Concept for a series of hidden museums or rather “TheHiddenMuseum”

The Hidden Museum is a work by Niek Kemps that responds to the different roles, functions and manifestations of the museum, the artist and the curator. But just as much about how we experience a museum, a work of art, an exhibition and space as a spectator.

History 1991-2011:

The Hidden Museum

In Montpellier, there is a tiny museum, usually closed. if you want to see it, it is customary to ask the concierge –an archetypal French farmer’s wife complete with apron, stirring a big pan of soup. Clutching a huge bunch of keys, she grumpily leads the way. Within the museum there are three little rooms, each containing several cupboards that the concierge unlocks one by one. Once opened, drawings appear displayed behind glass in hinged wooden frames.
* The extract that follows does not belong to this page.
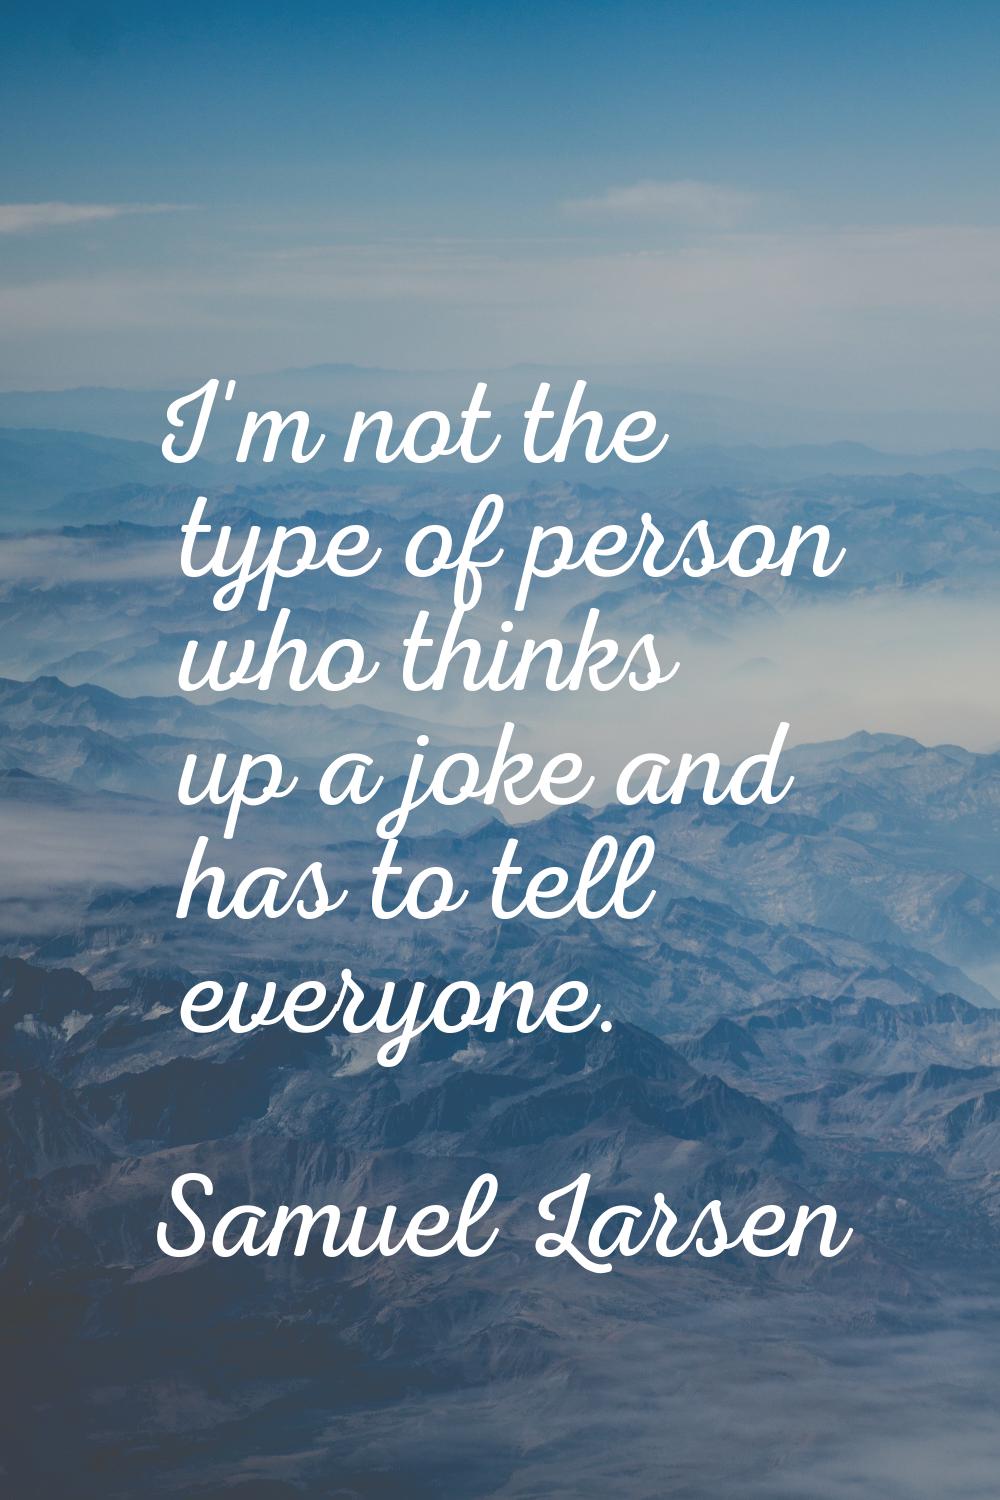 I'm not the type of person who thinks up a joke and has to tell everyone.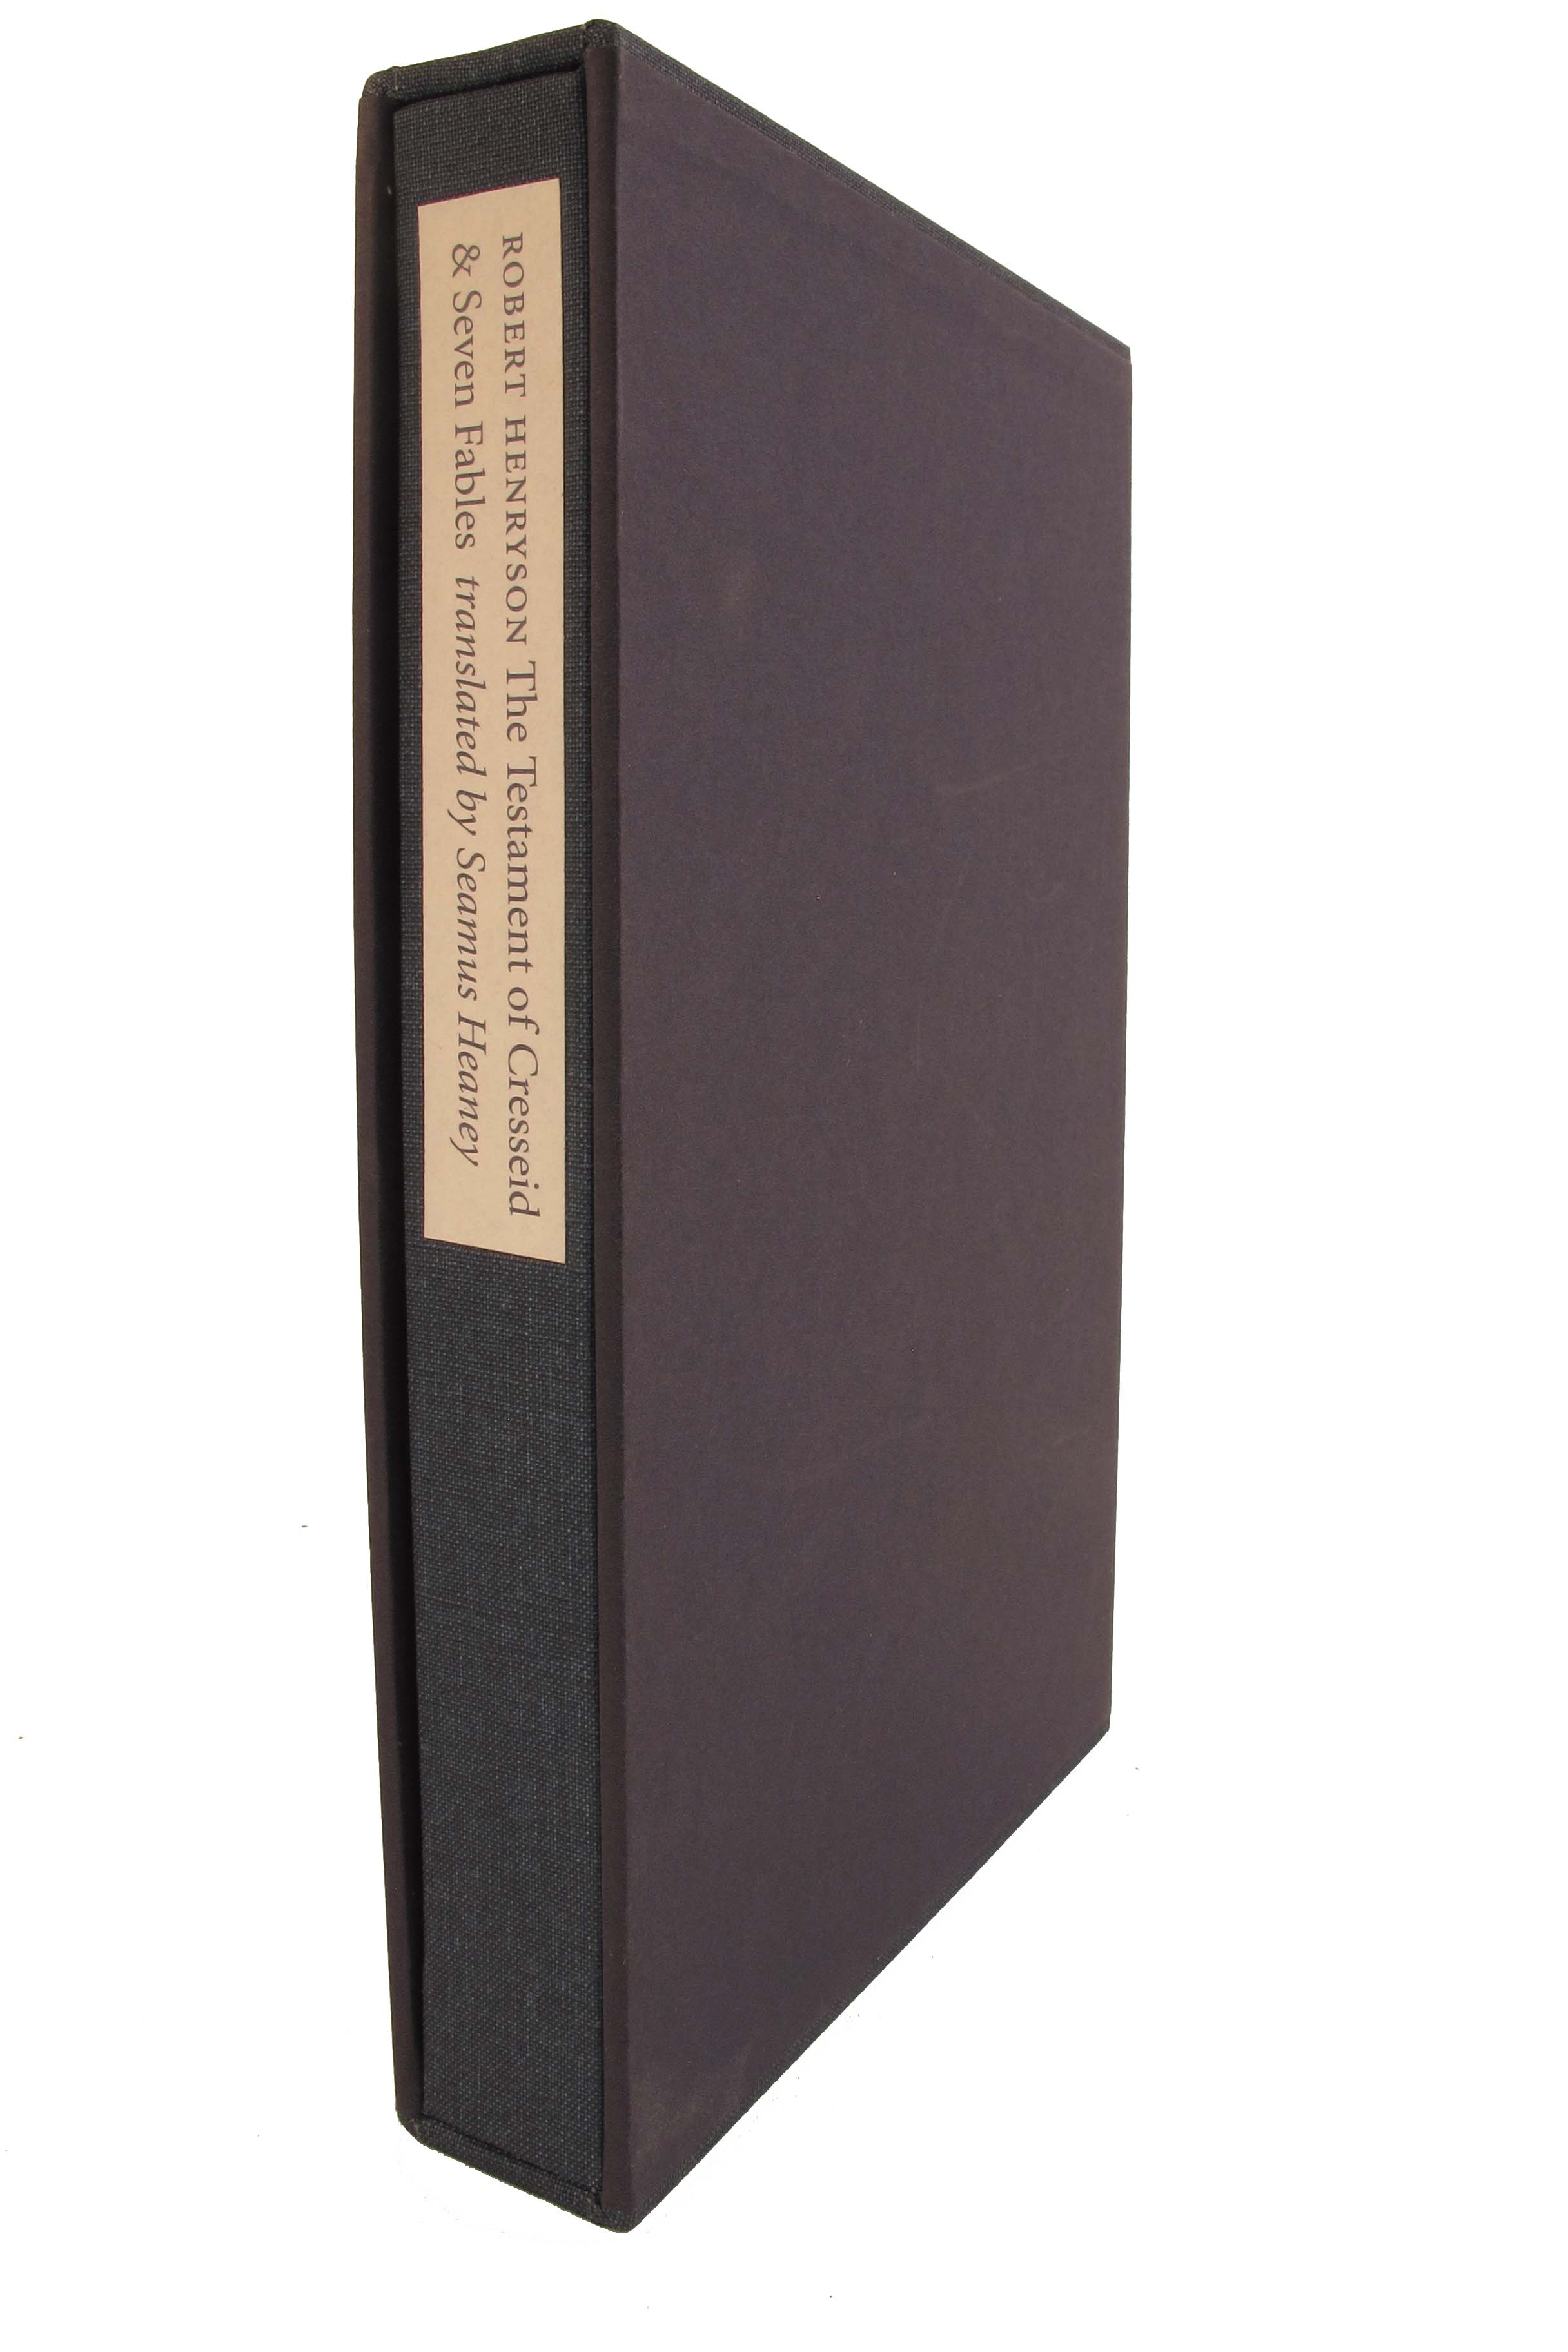 Heaney, Seamus [translator]. The Testament of Cresseid & Seven Fables. Signed limited edition.

It turns out to be a wonderful collection, including works by Pisanello and Leonardo da Vinci. I couldn’t really look at them properly with the ill-tempered concierge breathing down my neck. After five or six cupboards, you are afraid to ask her to open any more. You can practically hear her say: “Are we done now?”

This fragment from Niek Kemps’ “Big Eyes, small Windows, selected writings” (London, 1999) formed the starting point for a hidden museum somewhere in the center of Dordrecht. The hidden museum aims to offer visitors and residents of Dordrecht an experience, comparable to a visit to the virtually hidden museum in Montpellier.

The hidden museum in Dordrecht would become a circuit of a number of different spaces and experiences, in which a number of artists present a work of art upon invitation. The spaces of the museum would be constructed and decorated especially for these works, in consultation with the artists. The hidden museum offers the visitor, alone or in a small group of no more than five people, a very personal experience with regard to the works presented. On the other hand, the conception of the individual artworks offers the possibility to fully guide and elaborate the perception in relation to the work presented.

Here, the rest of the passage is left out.